------ Dataset section

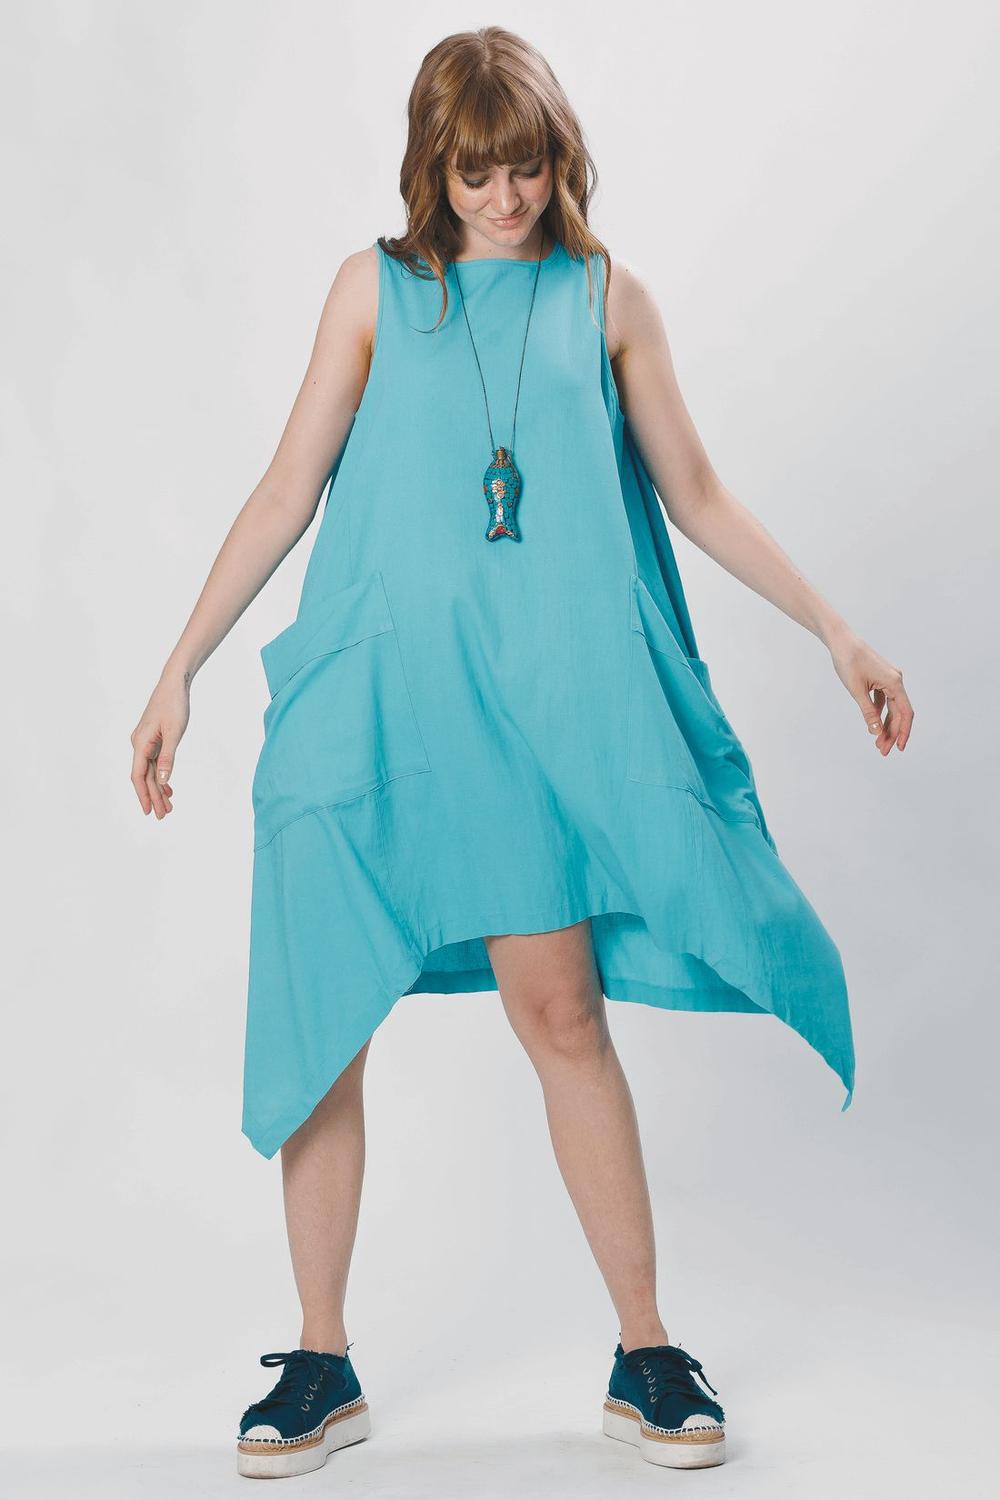 vestido azul turquesa curto
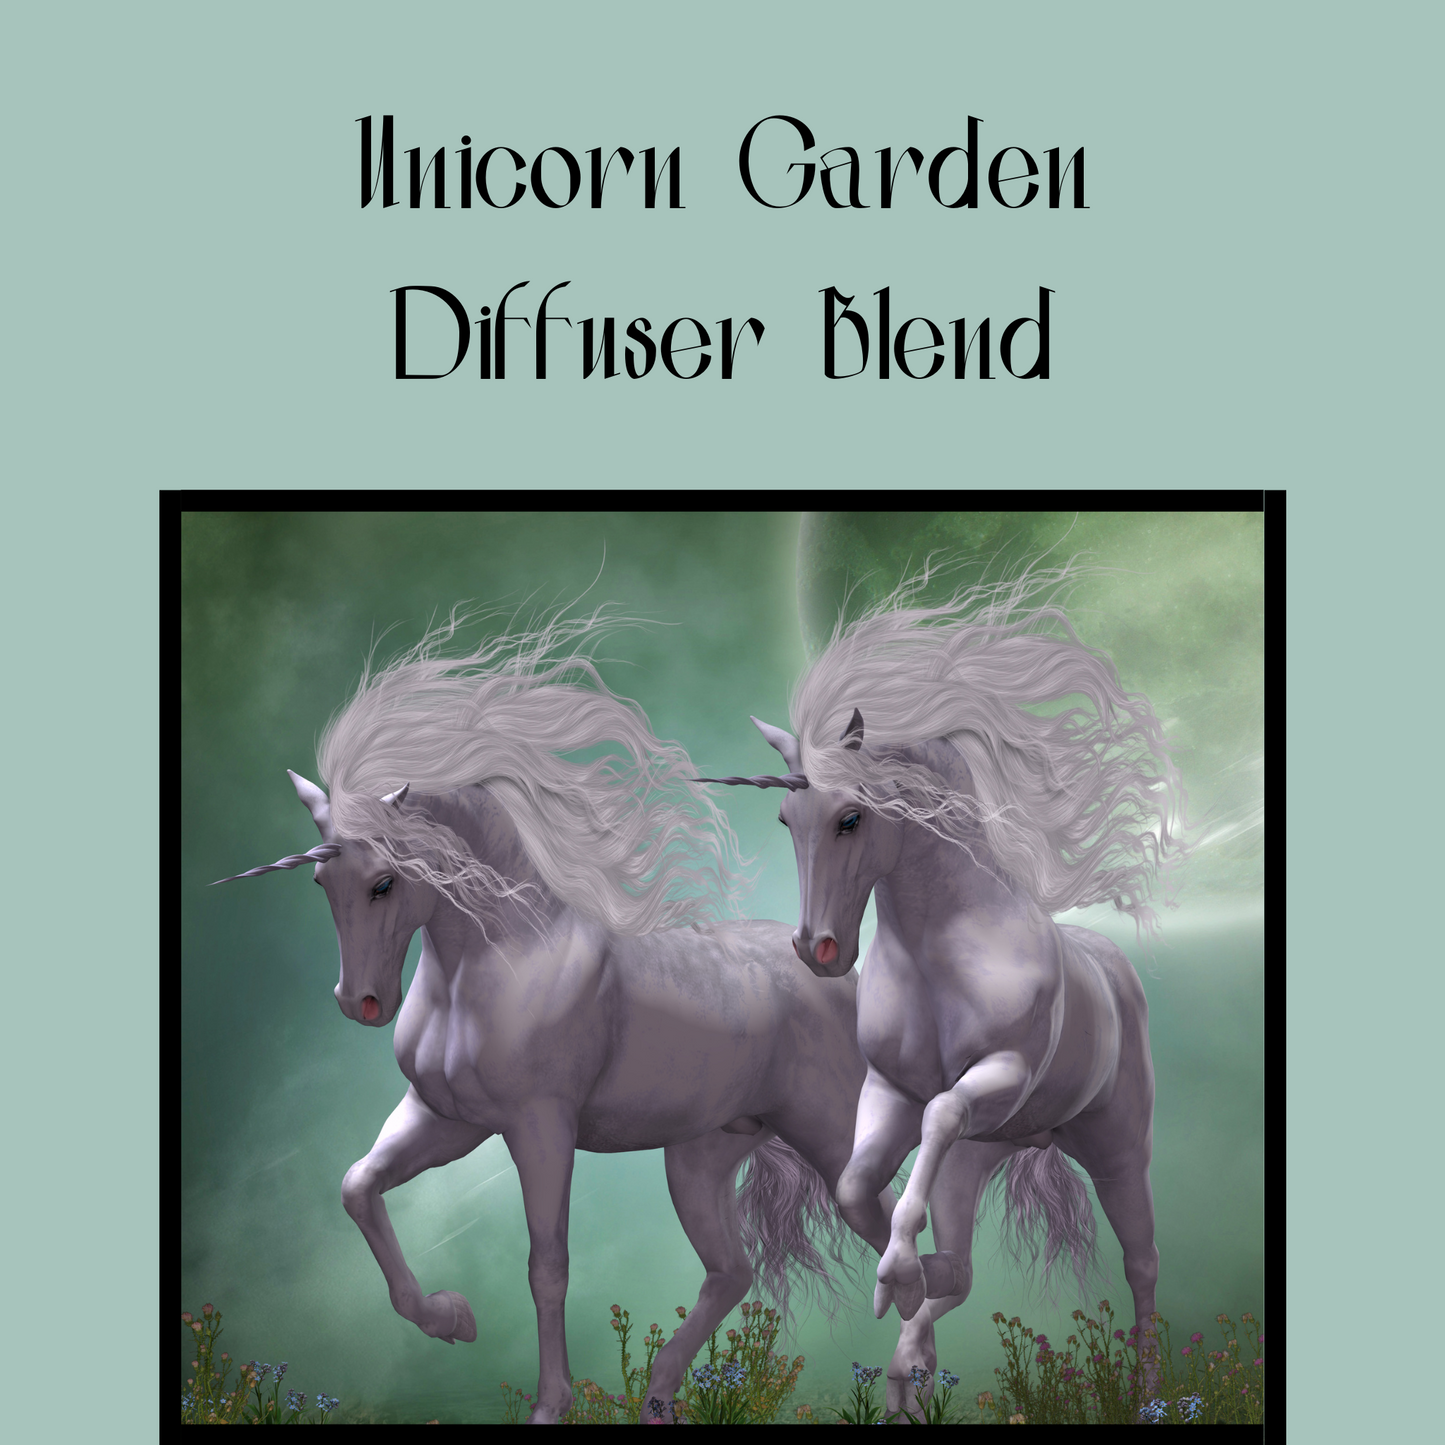 Unicorn Garden Diffuser Blend
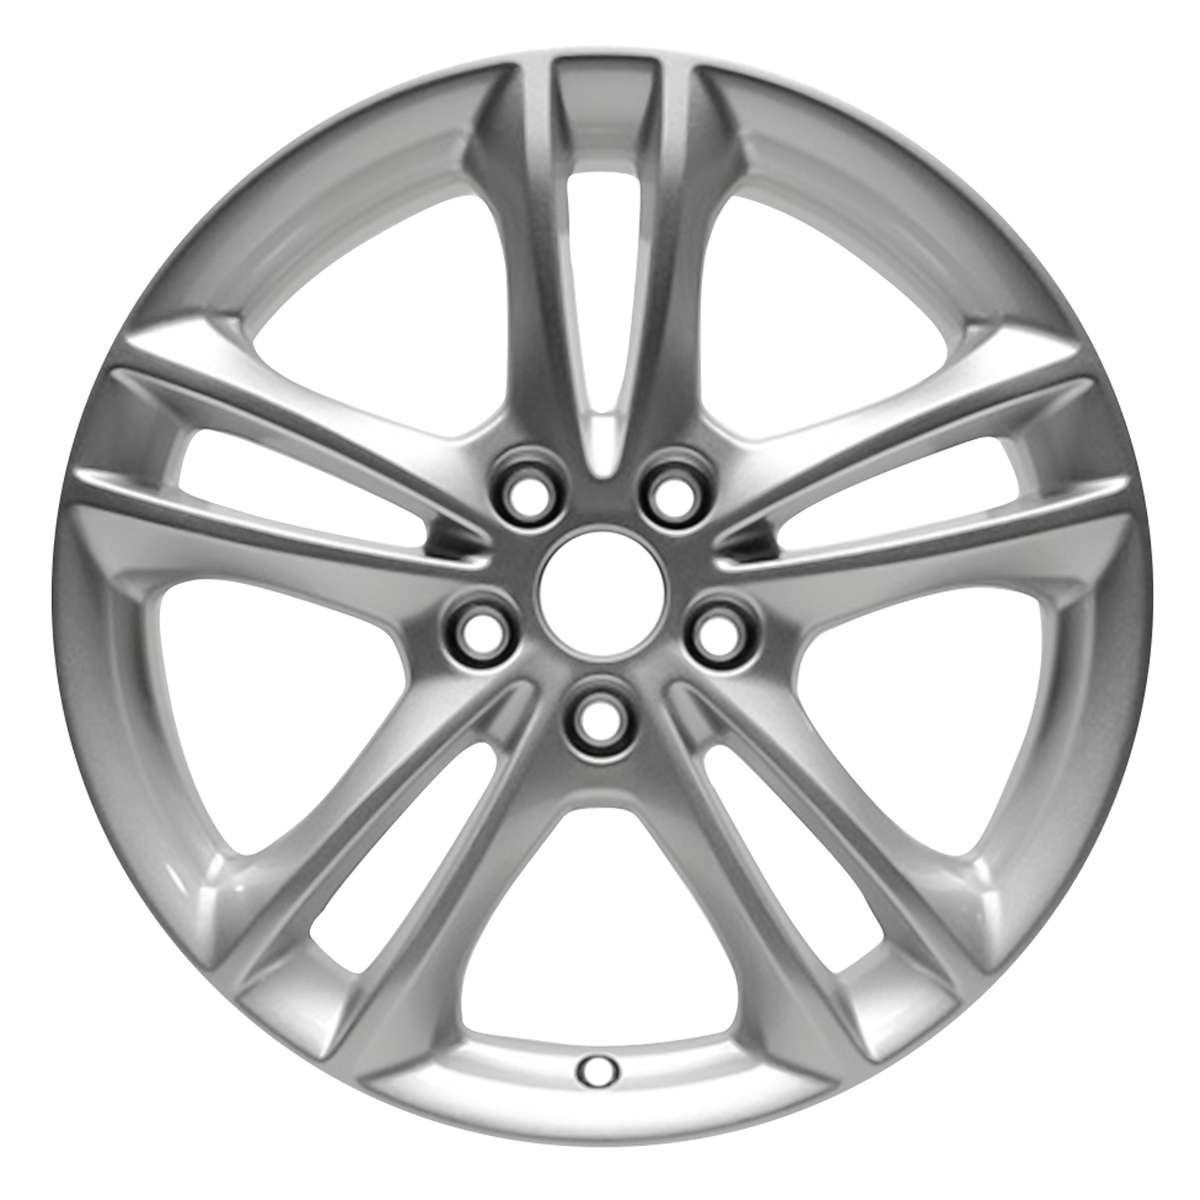 2017 Ford Fusion New 17" Replacement Wheel Rim RW3984SB
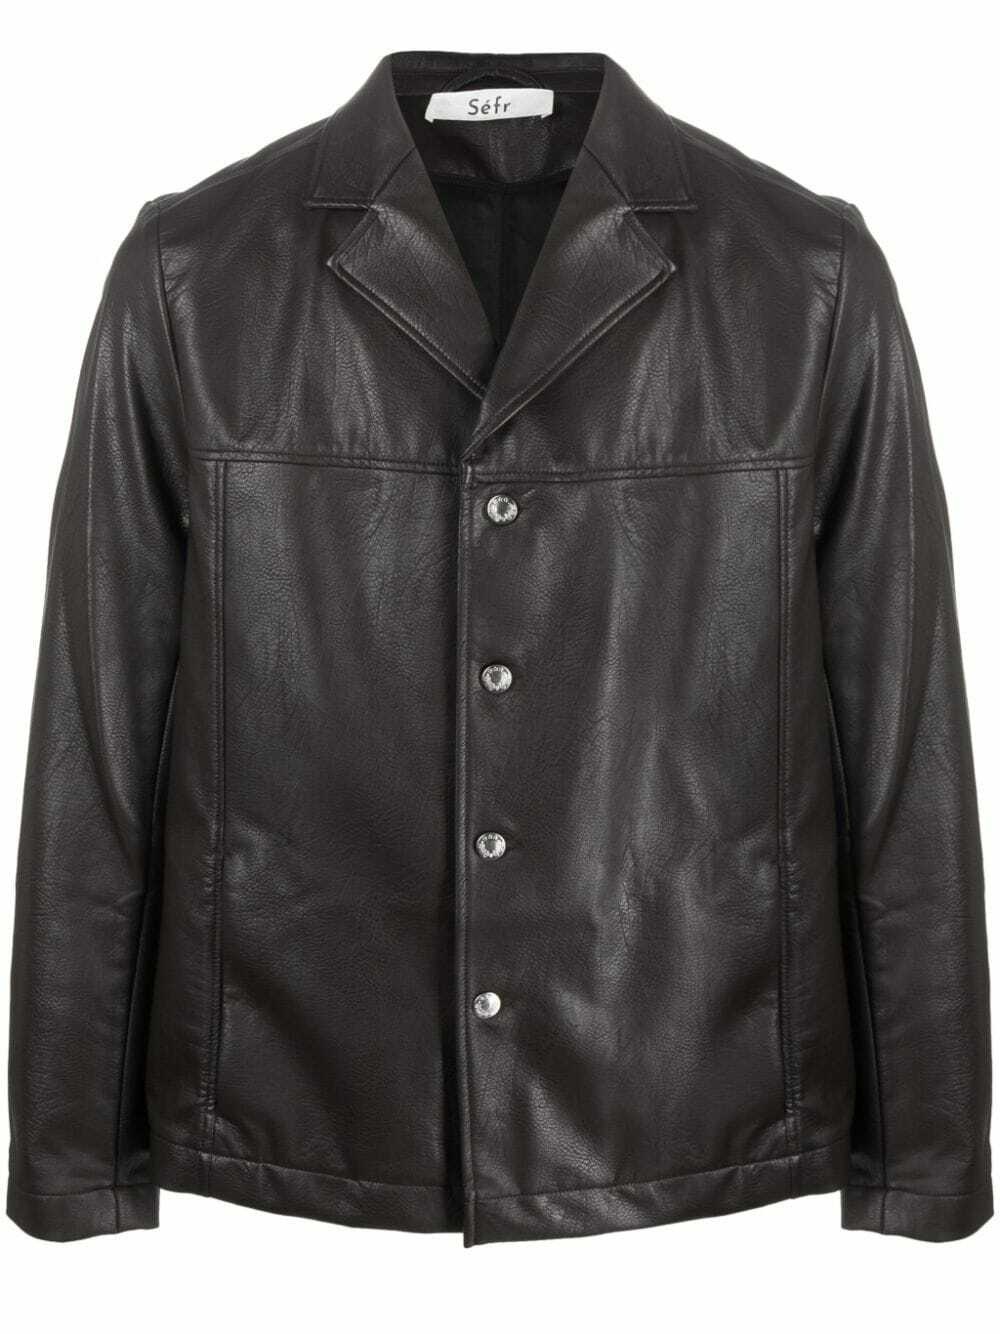 Séfr - Truth Faux Leather Jacket - Black Séfr

------------

Exactly as given, transcribe every line of the data, but not its images.

**Written answer:**
 vestido azul turquesa curto
 Unicorn Garden Diffuser Blend
 2017 Ford Fusion New 17" Replacement Wheel Rim RW3984SB
 Séfr - Truth Faux Leather Jacket - Black Séfr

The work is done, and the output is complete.